Thursday, 31 May 2018

ChEMBL 24 Released!


We are pleased to announce the release of ChEMBL 24. This version of the database, prepared on 23/04/2018 contains:

    2,275,906 compound records
    1,828,820 compounds (of which 1,820,035 have mol files)
    15,207,914 activities
    1,060,283 assays
    12,091 targets
    69,861 documents

Data can be downloaded from the ChEMBL ftp site: ftp://ftp.ebi.ac.uk/pub/databases/chembl/ChEMBLdb/releases/chembl_24_1

Please see ChEMBL_24 release notes for full details of all changes in this release: ftp://ftp.ebi.ac.uk/pub/databases/chembl/ChEMBLdb/releases/chembl_24_1/chembl_24_1_release_notes.txt

Change in data model and addition of activity properties and supplementary data:

A new data submission format and database loader has been implemented. The new deposition system allows more advanced functionality, including the ability to update previously deposited data sets, and the ability to deposit activity data against existing ChEMBL compound or assay collections. This means that in future releases, it will be possible for the SRC_ID for data in the ACTIVITIES table to be different from the SRC_ID in the COMPOUND_RECORDS and/or ASSAYS tables to which the measurements relate.

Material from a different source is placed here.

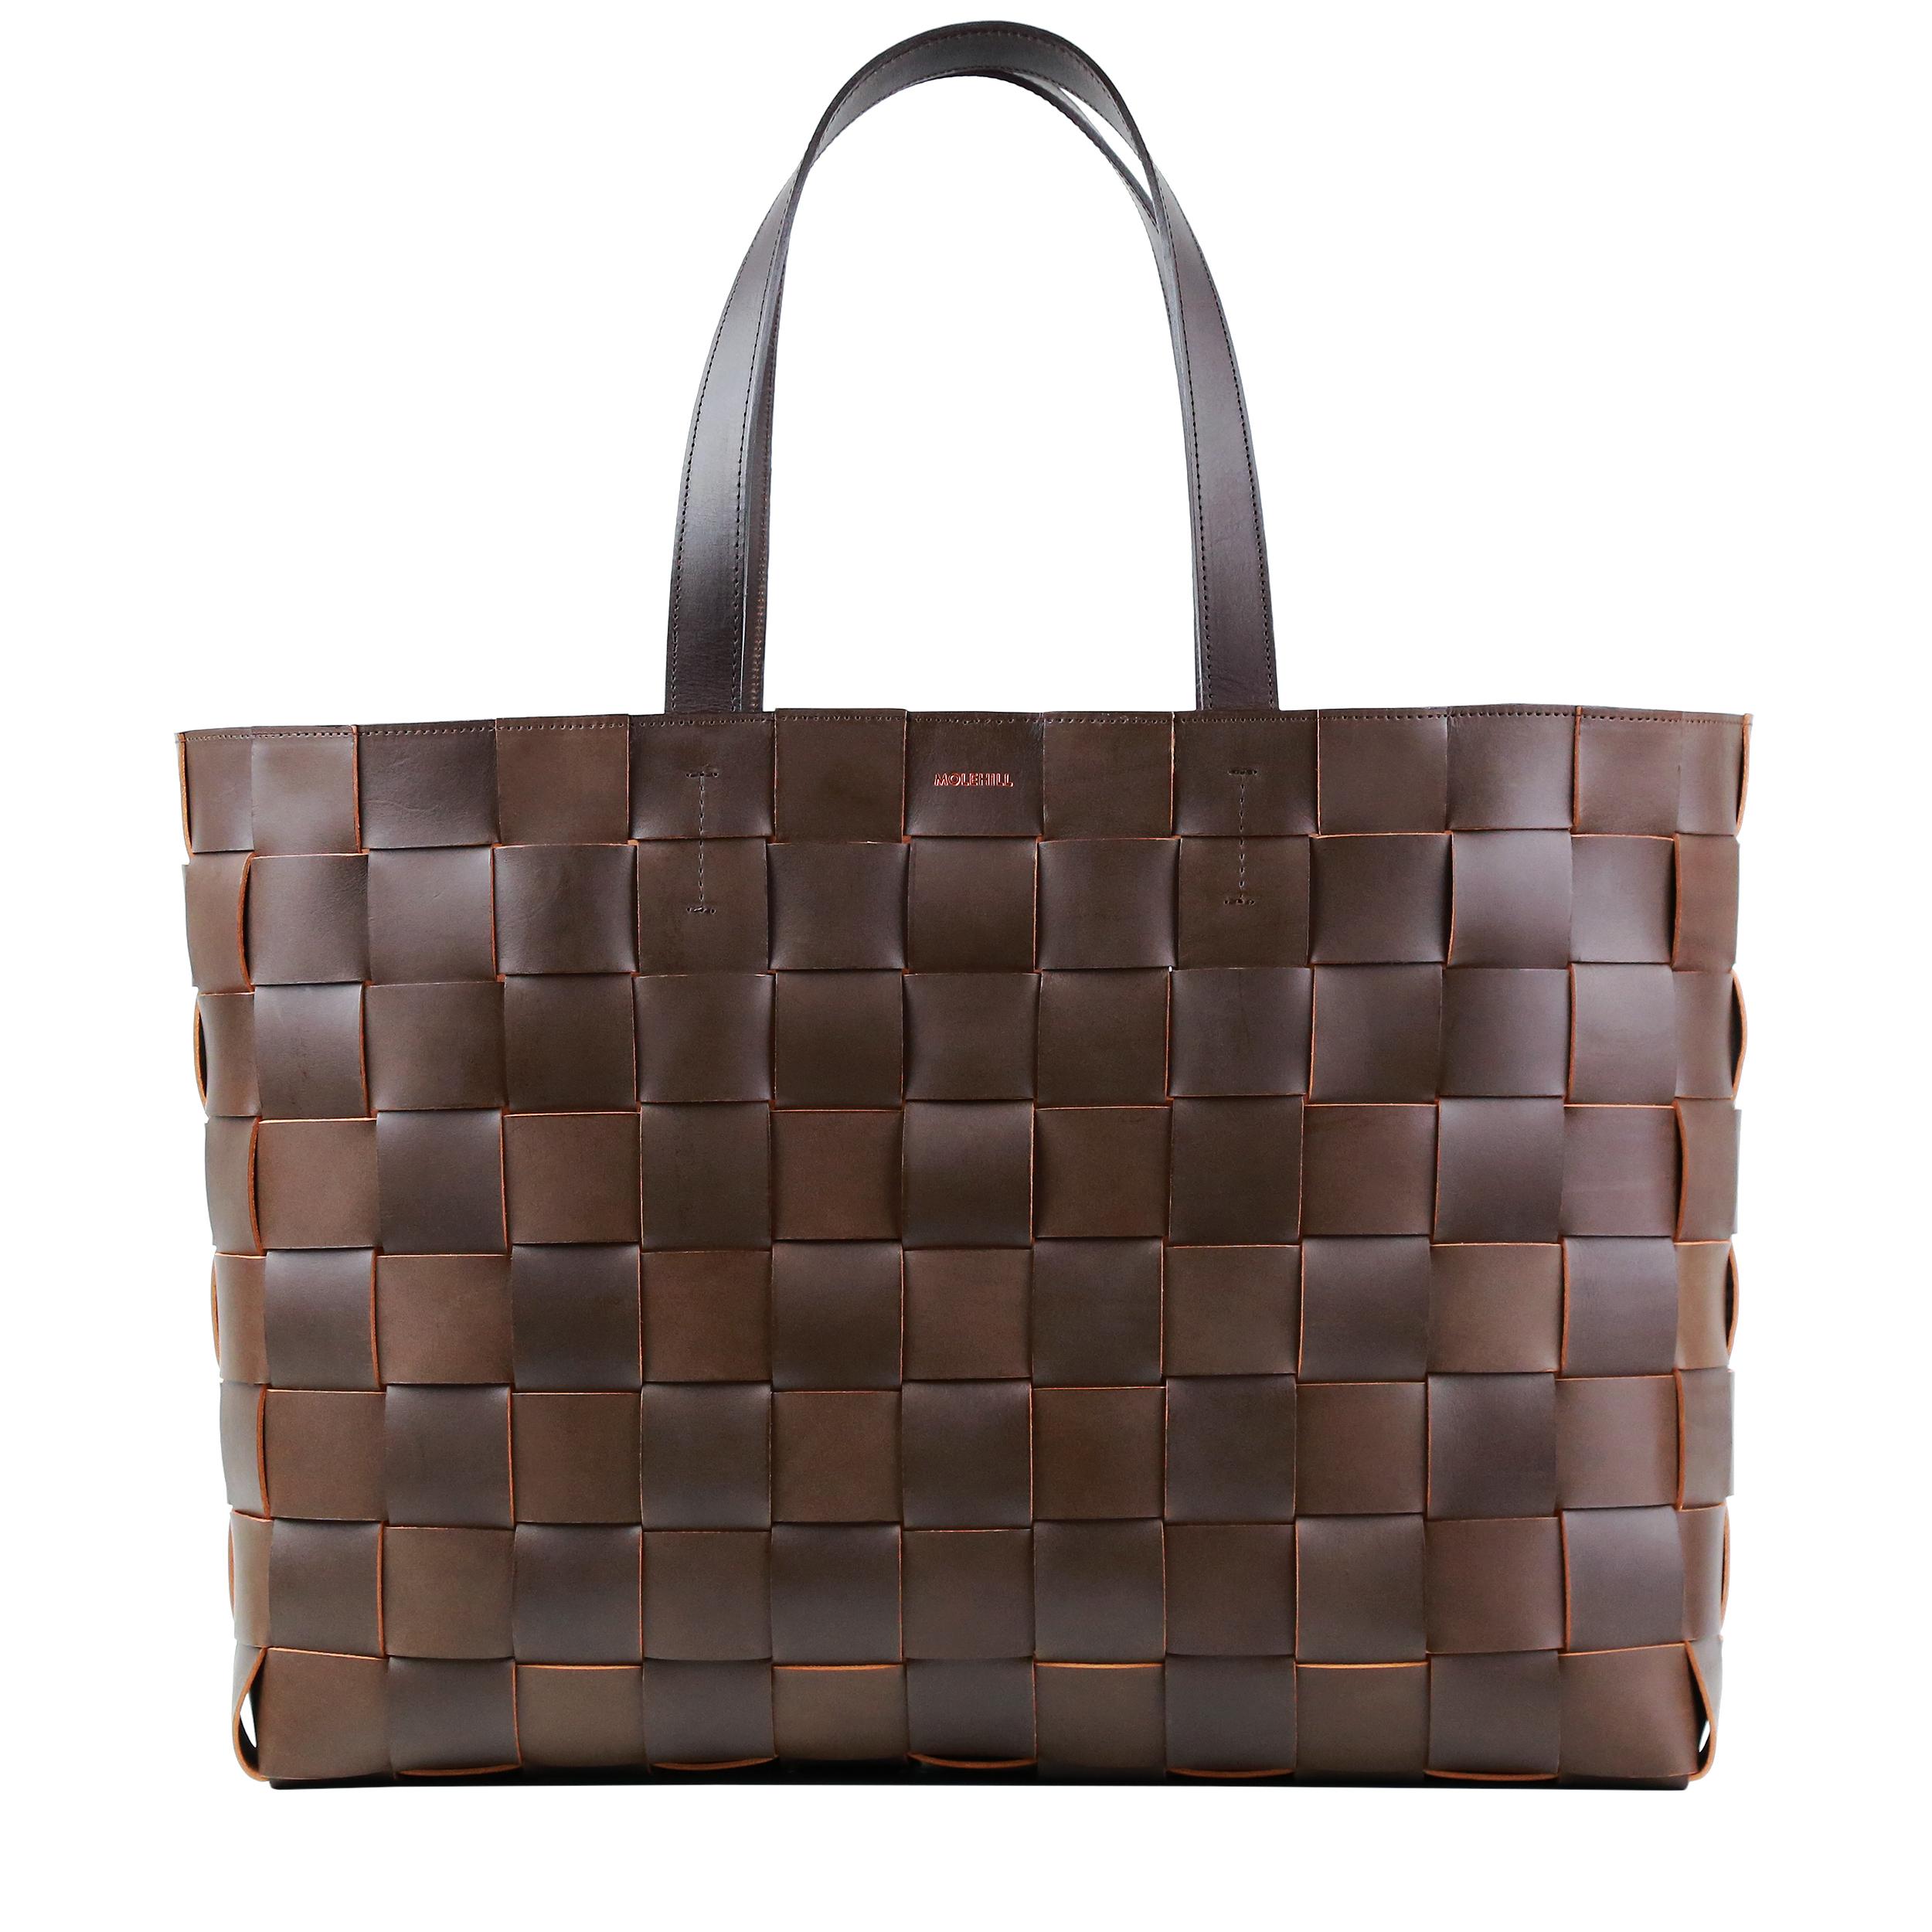 Pane Weekender Woven Bag-Light-Chocolate-1
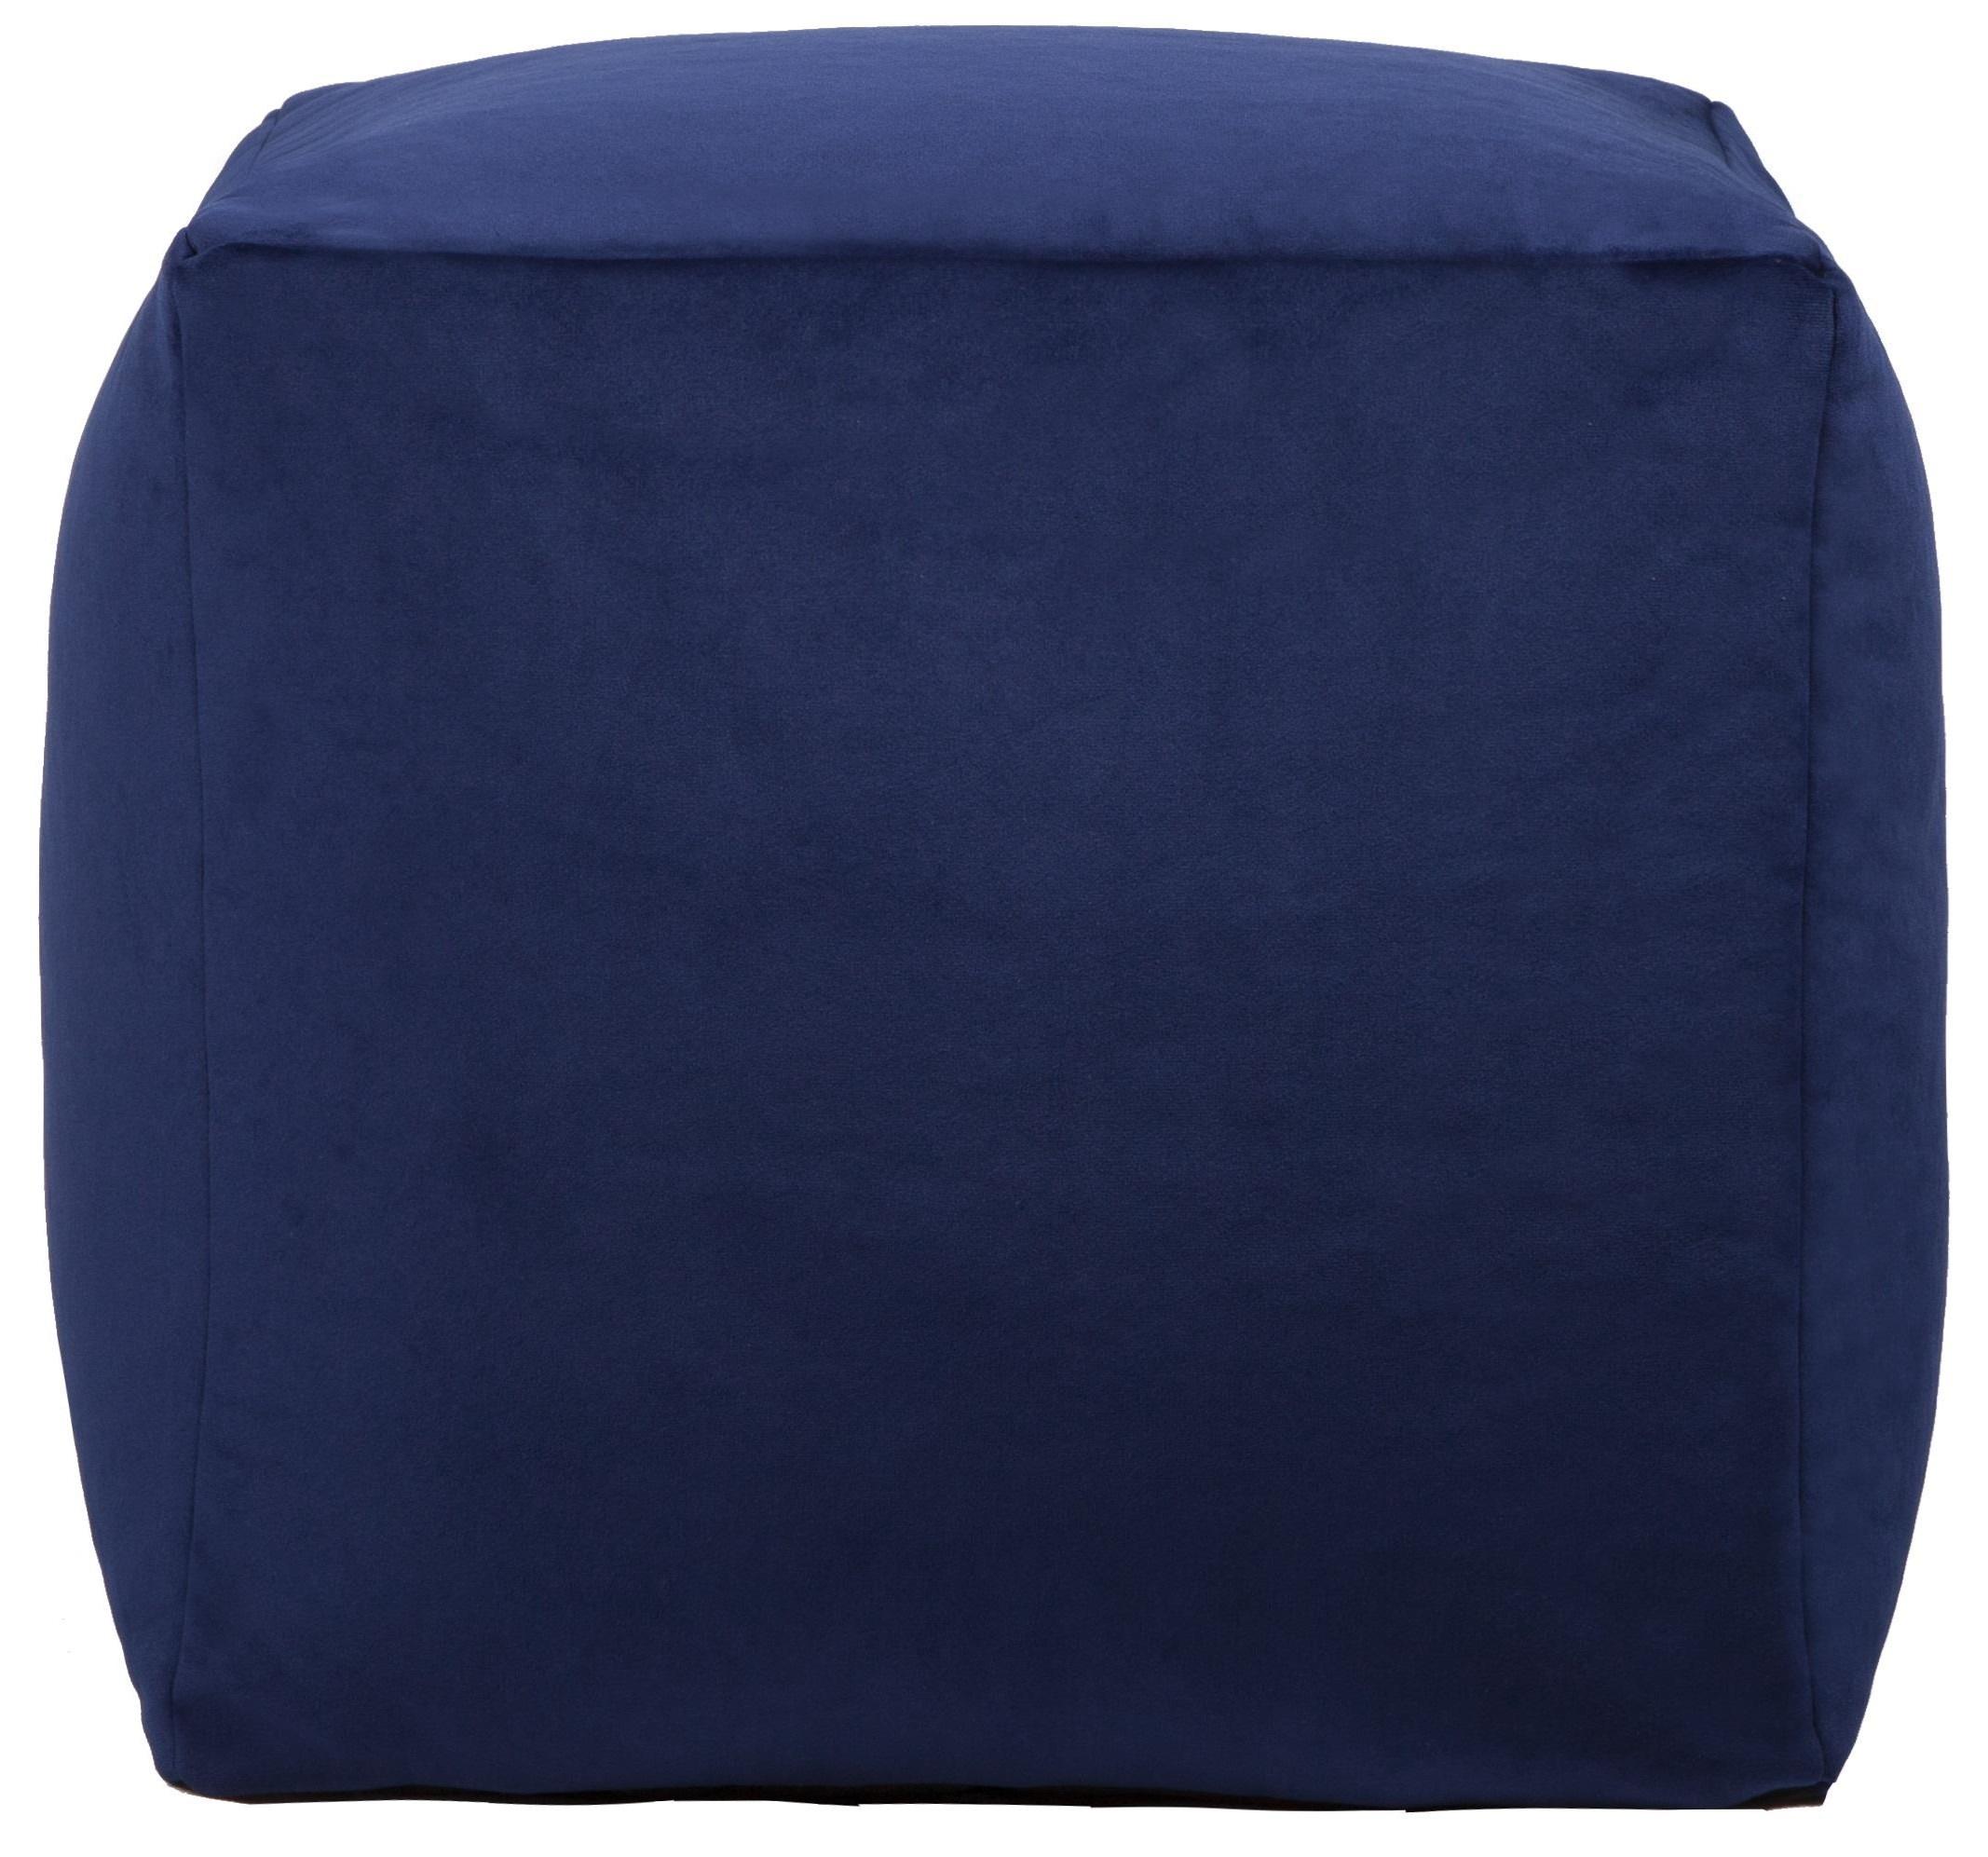 Blue Cube Beanbag

We have now added an ACTIVITY_PROPERTIES table to the database, to allow parameters such as compound dose or time points to be captured for individual activity measurements. The table can also be used to record key experimental measurements that are important in interpreting the values reported in the ACTIVITIES table (e.g., HILL_SLOPE for a dose-response curve).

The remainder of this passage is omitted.